By Lisa Baertlein
SAN FRANCISCO: Software is a hard business. Just ask Larry Ellison and Bill
Coleman, two chief executives at industry heavyweights that squared off on
Thursday in a verbal sparring march that was tough even by the standards of an
industry known for its sharp elbows. The exchange between the chief executives
of Oracle Corp. and BEA Systems Inc. on Thursday broke out during the keynote
addresses at a developers' conference in San Francisco hosted by Sun
Microsystems Inc.
BEA's Bill Coleman took the first jab. "Talk and press releases are
cheap," said Coleman, rejecting an Oracle marketing claim that it had
"leapfrogged" BEA in its core application server business. He went on
to praise new features in BEA's WebLogic application server to an audience of
several thousand programmers that specialize in Java, a platform that enables
them to write software to run on different devices and operating systems.
Oracle and computer titan International Business Machines Corp. have taken
aim at BEA, a fast-growing San Jose, California company built around its
application server software that helps companies integrate the different
software programs used to run their businesses. A veteran of the noisy and
wildly competitive software wars, Oracle founder Larry Ellison parried Coleman's
blows and counter attacked.
Ellison, who took the stage after Coleman, came armed with numbers and slides
claiming to show how Oracle's 9i application server is better, cheaper and
faster than rival products from BEA and IBM. During his off-the-cuff
presentation, Ellison confessed that he had been told not to make his
presentation.
"Other people's feelings could be hurt," Ellison quipped, spurring
laughter and applause from the audience.
The heat of the exchange was not lost on Akamai Technologies Inc. Chief
Executive George Conrades, who joined Ellison onstage for his demonstration.
"Pretty competitive up here, isn't it? Where is Bill Coleman?"
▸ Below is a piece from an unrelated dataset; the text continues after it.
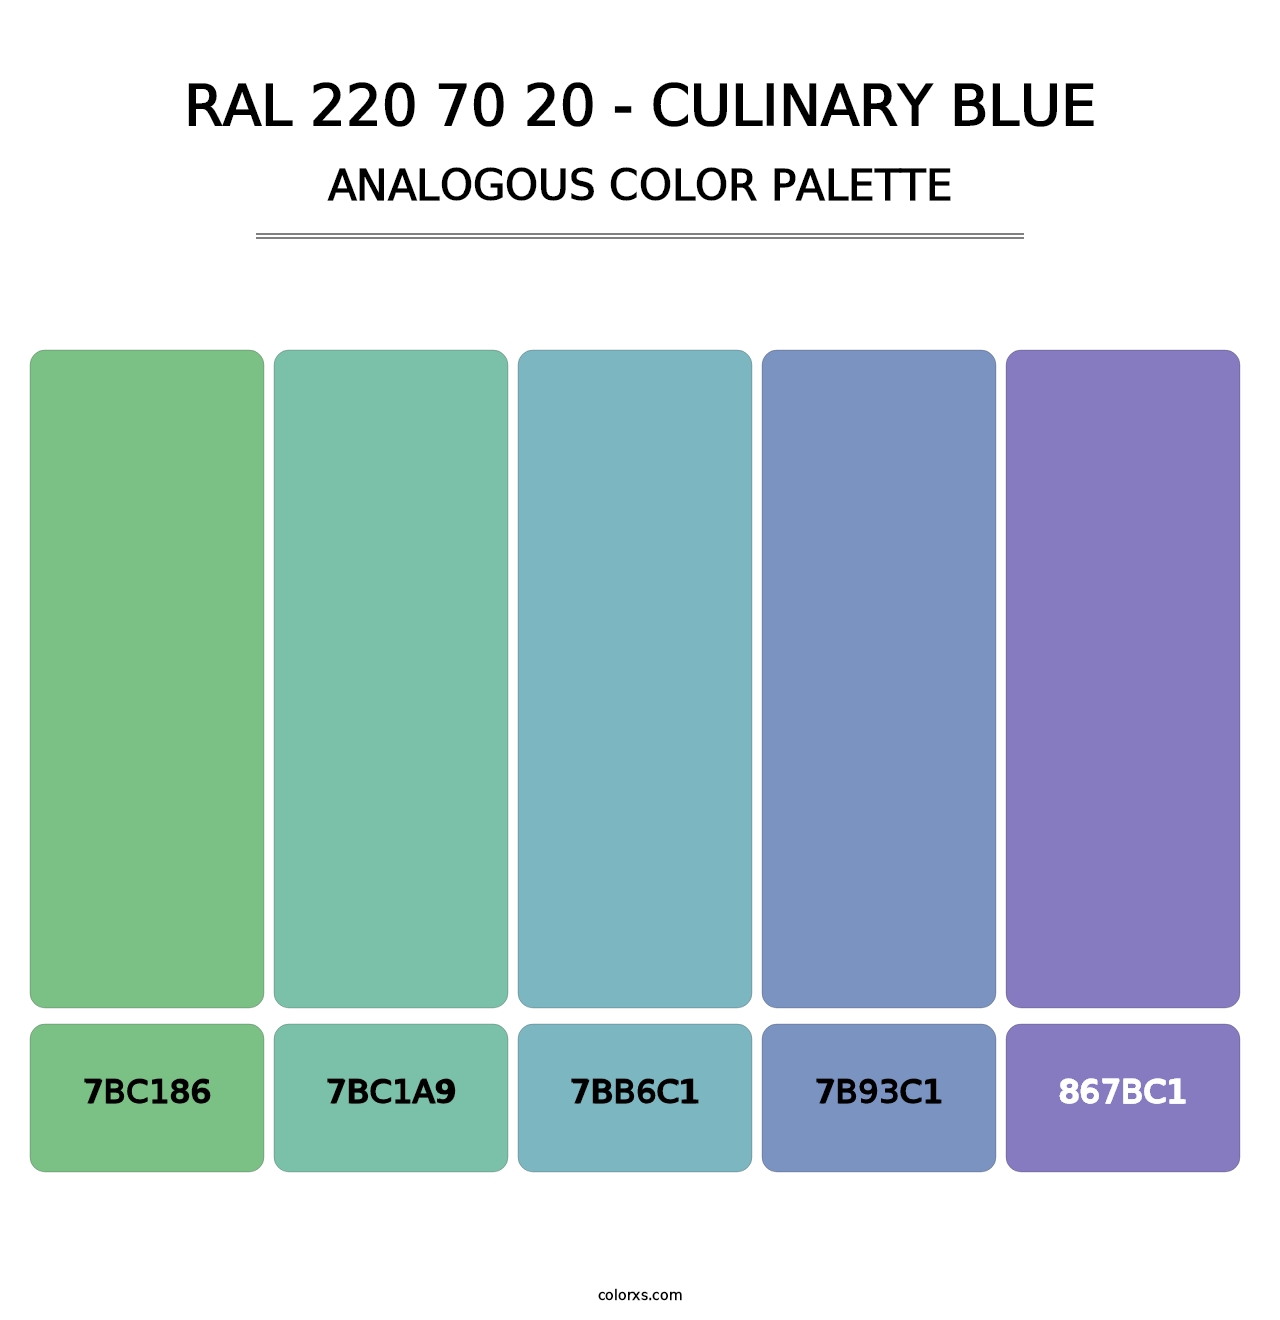 RAL 220 70 20 - Culinary Blue - Analogous Color Palette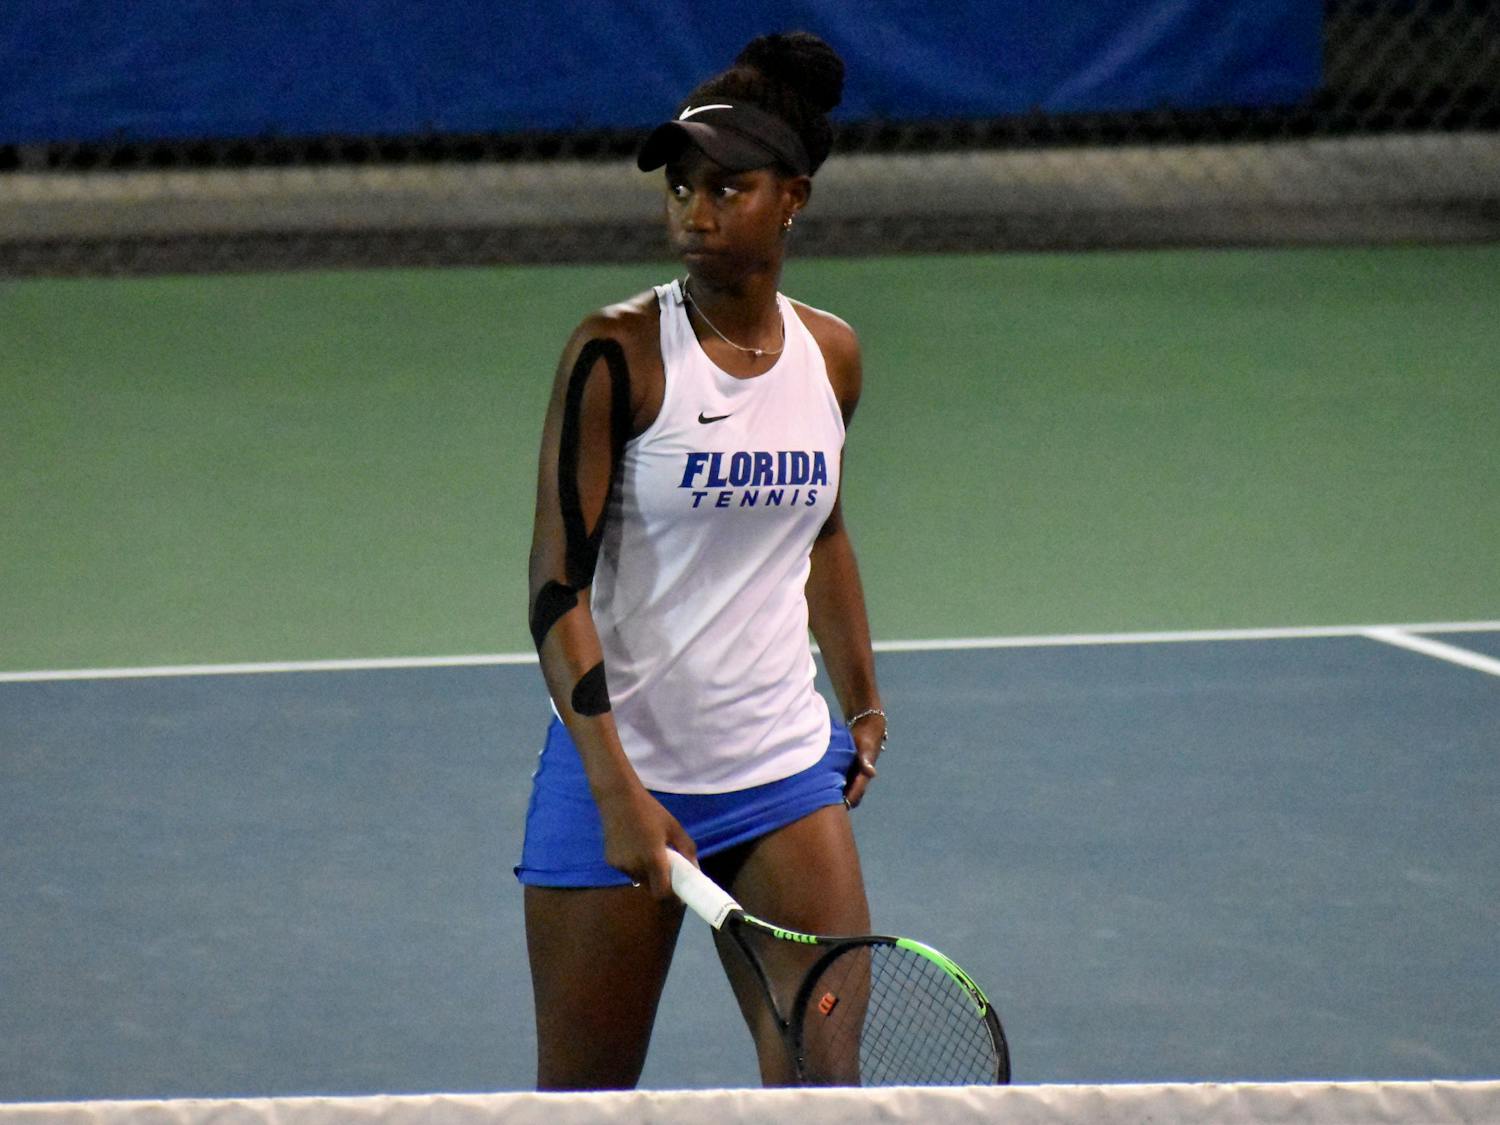 Florida senior Marlee Zein on the court during a match against UCF on Feb. 9, 2021. The No. 16 Gators surpassed Vanderbilt on the road Sunday, 6-1.

asked Conrades, who was clad in a sky-blue button-up shirt and tan sport coat
and cut a professorial figure amid the gray and black suits that have become
Silicon Valley's executive dress uniform. In a follow-up briefing with reporters
and analysts, Coleman dismissed Ellison's demonstration and disputed his
statistics. "Larry made them up on stage ... We have real stuff that real
people use," Coleman said.
One software developer from Maryland, who watched from the audience but was
reluctant to give her name lest she get caught in the cross-fire, said she was
taken aback by the public spat. "I was surprised that they'd come out in
public and say those things," she said.
(C) Reuters Limited 2001.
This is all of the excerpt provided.